In that, I was able to able to open an input file input.txt and read it contents successfully, but now i don't want to hardcode or give the input filename beforehand,

ifstream myfile ("input.txt");
if (myfile.is_open())

but i want to give the input file name later after compiling the program and generating an executable file named testin the command line, as shown below

./test input.txt

Any suggestions on how to do this ?

Answer 1

You can access the command line arguments passed to your program in the main function:

int main(int argc, char *argv[]) { }

argc is the number of arguments passed to your program and argv contains pointers to C-strings holding the arguments passed to your program. So using this array you can access the arguments passed to your program.

But you have to pay attention: the program itself is always passed to the program as first argument.

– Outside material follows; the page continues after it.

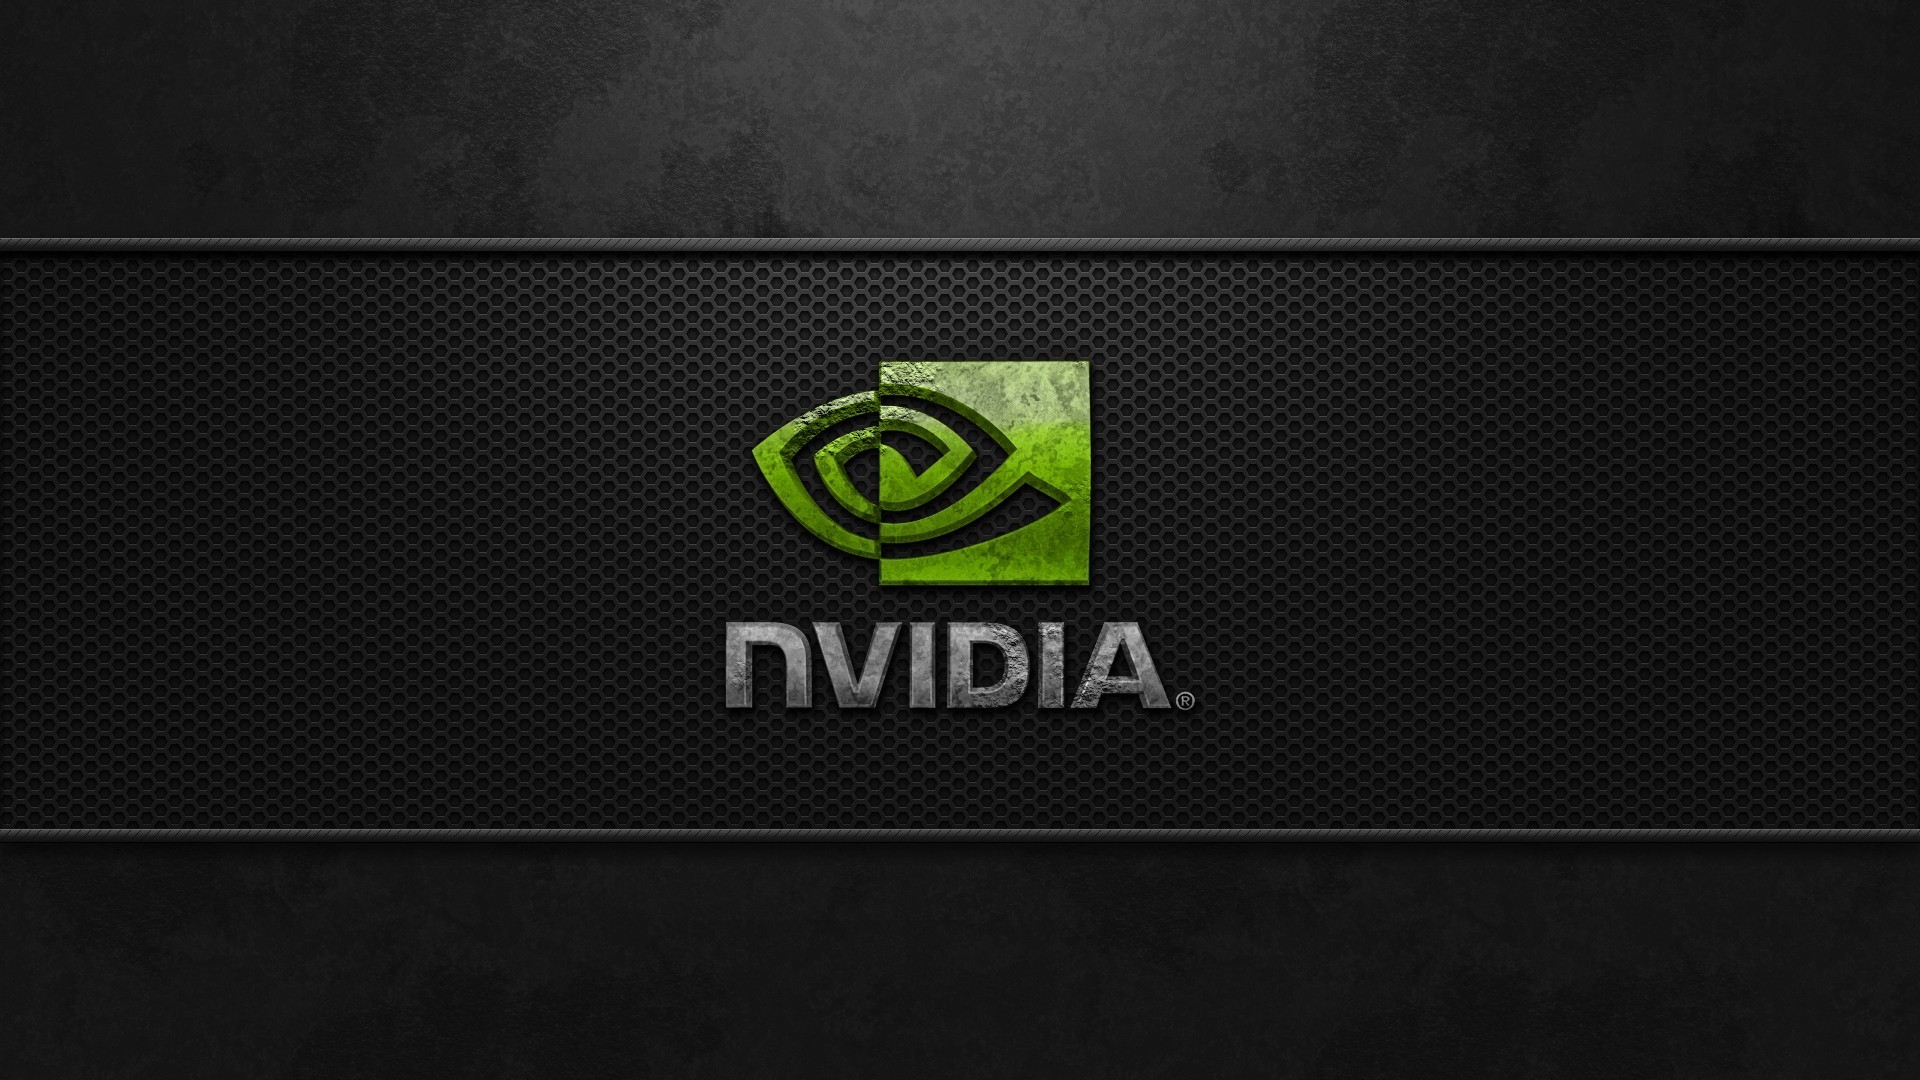 Nvidia Beta Out Now For Linux Bsd And Solaris With Opengl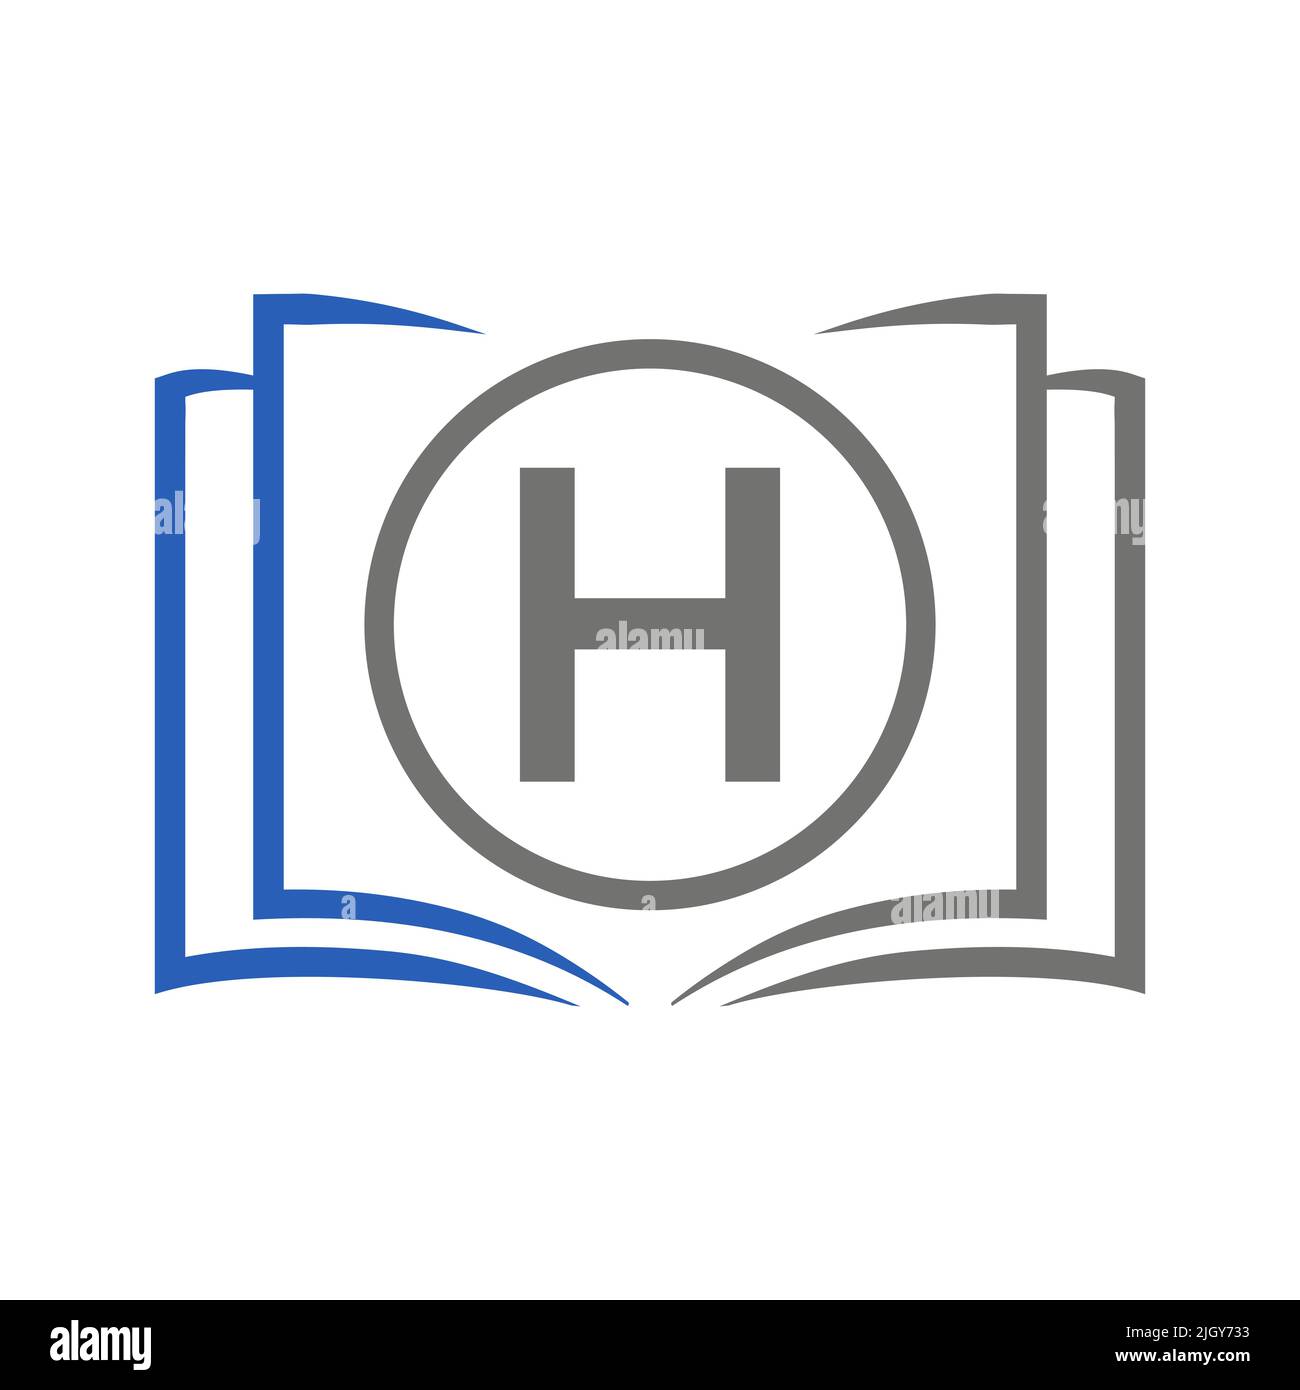 Education Logo On Letter H Template. Open Book Logo On H Letter, Initial Educational Sign Concept Template Stock Vector

So argc is always at least one and argv[0] contains the program name.

If you want to access the input.txt from your post you could write:

int main(int argc, char *argv[]) {
   if (argc > 1) {
      // This will print the first argument passed to your program
      std::cout << argv[1] << std::endl;
   }
}

Answer 2

Just to addon to all the answers - You can use 'standard input and output' of C/C++ like printf() & scanf()

$ ./a.out < input.file // input file
$ ./a.out > output.file // output file
$ ./a.out < input.file > output.file // merging above two commands.

For more info: REFER THIS

And ofcourse, clean way is to use argc/argv as answered by fellow gentlemen.